This will destroy the NVIDIA Dynamo deployments and start spinning down the infrastructure step by step.

Advanced usage

For custom model deployment, monitoring configuration, troubleshooting, and production considerations, refer to the complete documentation.

This deployment uses the enterprise-grade features of Amazon EKS, including Karpenter automatic scaling, EFA networking, and seamless AWS service integration to provide a production-ready NVIDIA Dynamo environment.

Conclusion

In this post, we discussed the benefits of using NVIDIA Dynamo, a high-throughput, low-latency open source inference serving framework for deploying generative AI and reasoning models in large-scale distributed environments. We demonstrated how to deploy your LLM application on Amazon EKS using the NVIDIA Dynamo Kubernetes Operator. This example showed g6e instances, but it can also work with other NVIDIA GPU instances, such as P6, P5, P4d, P4de, G5, and G6.

Developers can start with NVIDIA Dynamo today. For more Dynamo examples, check out the examples folder in the GitHub repo.


About the authors

Baladithya Balamurugan is a Solutions Architect at AWS focused on ML deployments for inference and using AWS Neuron to accelerate training and inference. He works with customers to enable and accelerate their ML deployments on services such as Amazon SageMaker and Amazon EC2. Based out of San Francisco, Baladithya enjoys tinkering, developing applications and his homelab in his free time.

Harish Rao is a Senior Solutions Architect at AWS, specializing in large-scale distributed AI training and inference. He empowers customers to harness the power of AI to drive innovation and solve complex challenges. Outside of work, Harish embraces an active lifestyle, enjoying the tranquility of hiking, the intensity of racquetball, and the mental clarity of mindfulness practices.

Brian Kreitzer is a Partner Solutions Architect at Amazon Web Services (AWS). He is responsible for working with partners to create accelerators and solutions for AWS customers, engages in technical co-sell opportunities, and evangelizes accelerator and solution adoption to the technical community.

Anton Alexander is a Senior Specialist in Generative AI at AWS, focusing on scaling large training and inference workloads with AWS HyperPod. As a veteran CUDA programmer and Kubernetes expert, he helps enterprises integrate NVIDIA technologies for distributed training, specializing in EKS and Slurm implementations. Anton works closely with MENA Region and Government sector clients to optimize GenAI solutions. He holds a patent pending for machine learning edge computing systems. Outside work, Anton is a Brazilian jiu-jitsu and collegiate boxing champion who enjoys flying planes.

Kshitiz Gupta is a Senior Solutions Architect at NVIDIA. He enjoys educating cloud customers about the GPU AI technologies NVIDIA has to offer and assisting them with accelerating their machine learning and deep learning applications. Outside of work, he enjoys running and hiking.

Wenhan Tan is a Solutions Architect at NVIDIA, assisting customers to adopt NVIDIA AI solutions at large-scale. His work focuses on accelerating deep learning applications and addressing inference and training challenges.

Arun Raman is a Senior Solution Architect at NVIDIA, specializing in AI applications at the edge, in the cloud, and on premises for the consumer Internet industry. In his current role, he works on end-to-end AI pipelines including preprocessing, training, and inference. In addition to his AI work, he has also worked on a wide range of products, including network routers and switches, multi-cloud infrastructure, and services. He holds a master’s degree in electrical engineering from the University of Texas at Dallas.

Jiahong Liu is a Senior Solution Architect on the Cloud Service Provider team at NVIDIA. He assists clients build and deploy AI and machine learning solutions using NVIDIA’s accelerated computing to solve complex inference problems. In his leisure time, he enjoys origami, DIY projects, and playing basketball.
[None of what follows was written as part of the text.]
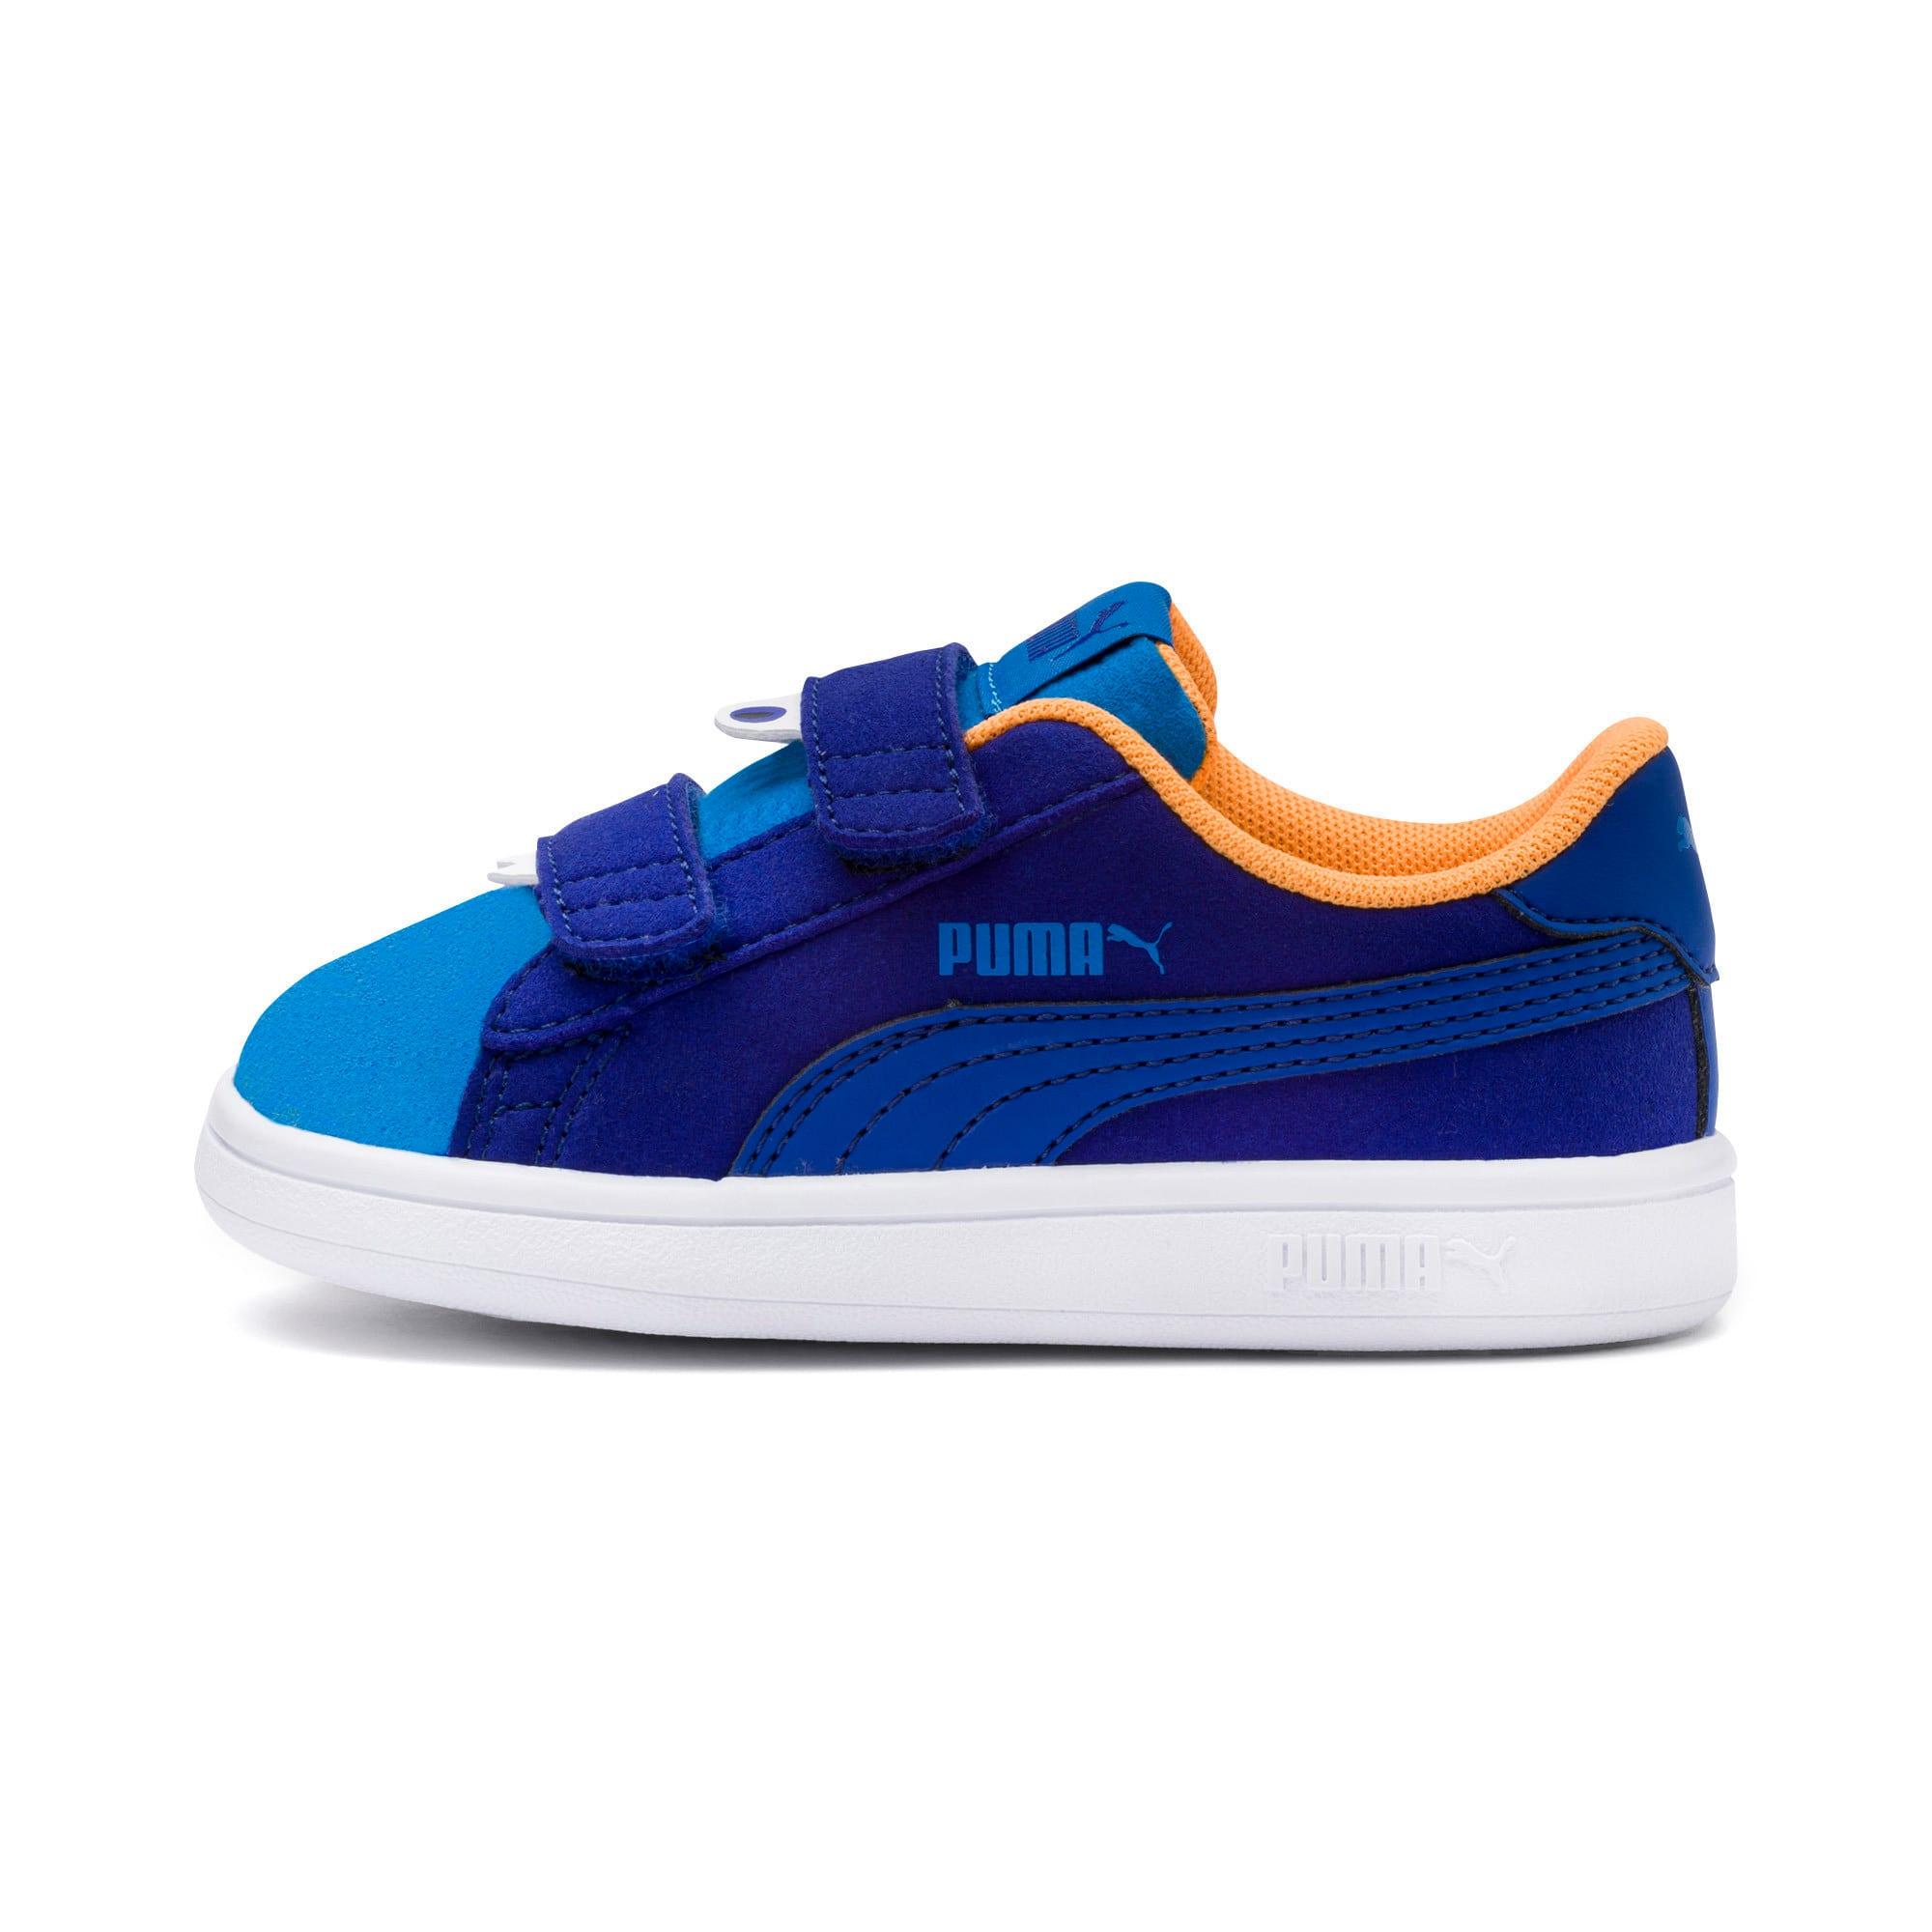 Thumbnail 1 of PUMA Smash v2 Monster Toddler Shoes, Sf Th Wb-I Bunting-Ornge-Wht, medium

Eliuth Triana Isaza is a Developer Relations Manager at NVIDIA, empowering Amazon’s AI MLOps, DevOps, scientists, and AWS technical experts to master the NVIDIA computing stack for accelerating and optimizing generative AI foundation models spanning from data curation, GPU training, model inference, and production deployment on AWS GPU instances. In addition, Eliuth is a passionate mountain biker, skier, and tennis and poker player.

Read More

Deadline Extended — Create a Project G-Assist Plug-In for a Chance to Win an NVIDIA GeForce RTX GPU and Laptop

Deadline Extended — Create a Project G-Assist Plug-In for a Chance to Win an NVIDIA GeForce RTX GPU and Laptop

Submissions for NVIDIA’s Plug and Play: Project G-Assist Plug-In Hackathon are due Sunday, July 20, at 11:59pm PT. RTX AI Garage offers all the tools and resources to help.

The hackathon invites the community to expand the capabilities of Project G-Assist, an experimental AI assistant available through the NVIDIA App that helps users control and optimize NVIDIA GeForce RTX systems.

Entrants gain the chance to win a GeForce RTX 5090 laptop, or a limited NVIDIA GeForce RTX 5080 or RTX 5070 Founders Edition graphics card, plus NVIDIA Deep Learning Institute credits. Finalists may also be featured on NVIDIA’s social media channels.

Register for the hackathon and check out the curated technical resources below to bring these submissions to life.

(G-)Assist With AI

When in the heat of a gaming moment or the flow of a creative project, interrupting one’s focus to navigate complex PC settings menus is a common frustration. For example, manually tweaking GPU performance or optimizing system parameters often requires leaving the user’s current application, which breaks concentration.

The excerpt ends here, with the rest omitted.